Это была церковь святой Магдалины.
Знатные дамы, все в черном, медленно двигались по блестящему полу. Их дорогие платья были сшиты по последней моде. На серебряных застежках молитвенников, переплетенных в бархат, красовались гербы, гербы были вышиты и на тончайших надушенных носовых платках, обшитых редкостными брюссельскими кружевами. Одни дамы в безмолвной молитве преклоняли колена перед алтарем, другие скрывались в исповедальнях.
Тревога и беспокойство вдруг охватили дриаду, словно она оказалась в каком-то запретном месте. Ее пугала эта обитель тишины, здесь царила тайна, здесь говорили только шепотом, неслышно поверяли заветные мысли.
Дриада окинула себя взглядом; она уже была закутана в шелк и вуаль и ничем не отличалась от других знатных и благородных дам. Быть может, и они томились той же неуемной жаждой жизни, что и она сама?
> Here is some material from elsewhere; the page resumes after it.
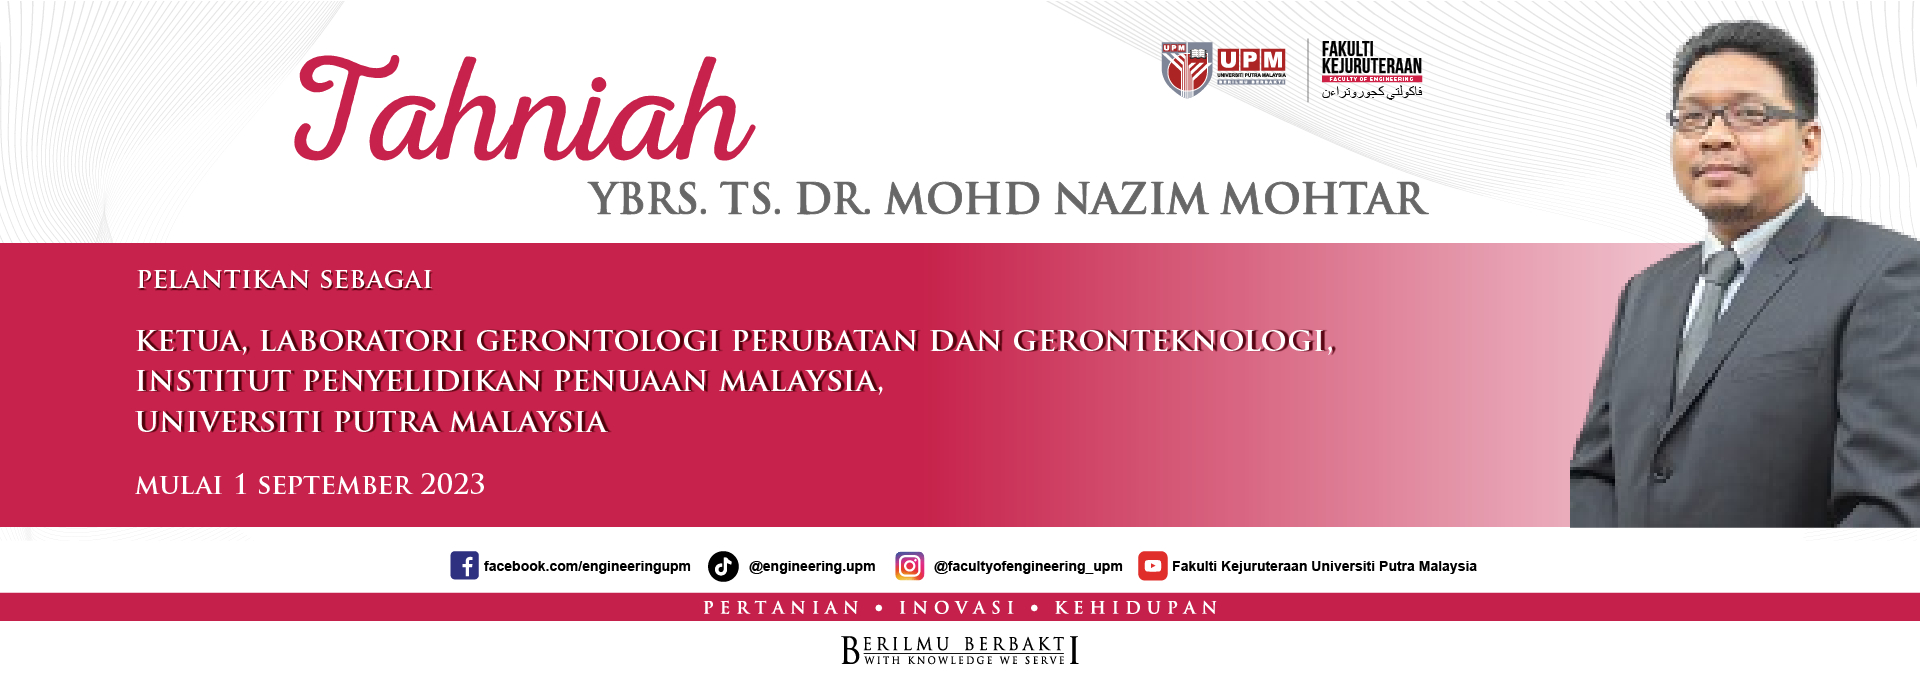 YBrs. Ts. Dr. Mohd Nizam Mohtar

В церкви раздался вздох, глубокий и горестный. Откуда он шел? Из угла, где совершалась исповедь, или из груди самой дриады? Она закрыла лицо вуалью. Среди церковных благовоний ей не хватало свежего воздуха. Нет, здесь ей было не место.
Дальше, дальше, не теряя времени, не зная отдыха! Разве отдыхают поденки? Их жизнь сплошной полет!
И вот дриада снова очутилась на улице, залитой ярким газовым светом, у великолепного фонтана.
— Однако всей этой воде не смыть невинной крови, что пролилась здесь! — услышала дриада.
Кругом толпились иностранцы, все разговаривали громко и оживленно — так не смели говорить в обители тайн, которую только что покинула дриада.
Вот приподняли и отодвинули в сторону большую каменную плиту мостовой. Дриада не могла понять, что это значит. Она увидела люк, ведущий в подземелье, люди стали спускаться туда, уходя от звездного неба, от ярких, как солнце, газовых фонарей, от бьющей ключом жизни.
— Мне страшно! — воскликнула какая-то женщина. — Я боюсь спускаться. И не хочу смотреть на эти чудеса. Не пойдем, останемся!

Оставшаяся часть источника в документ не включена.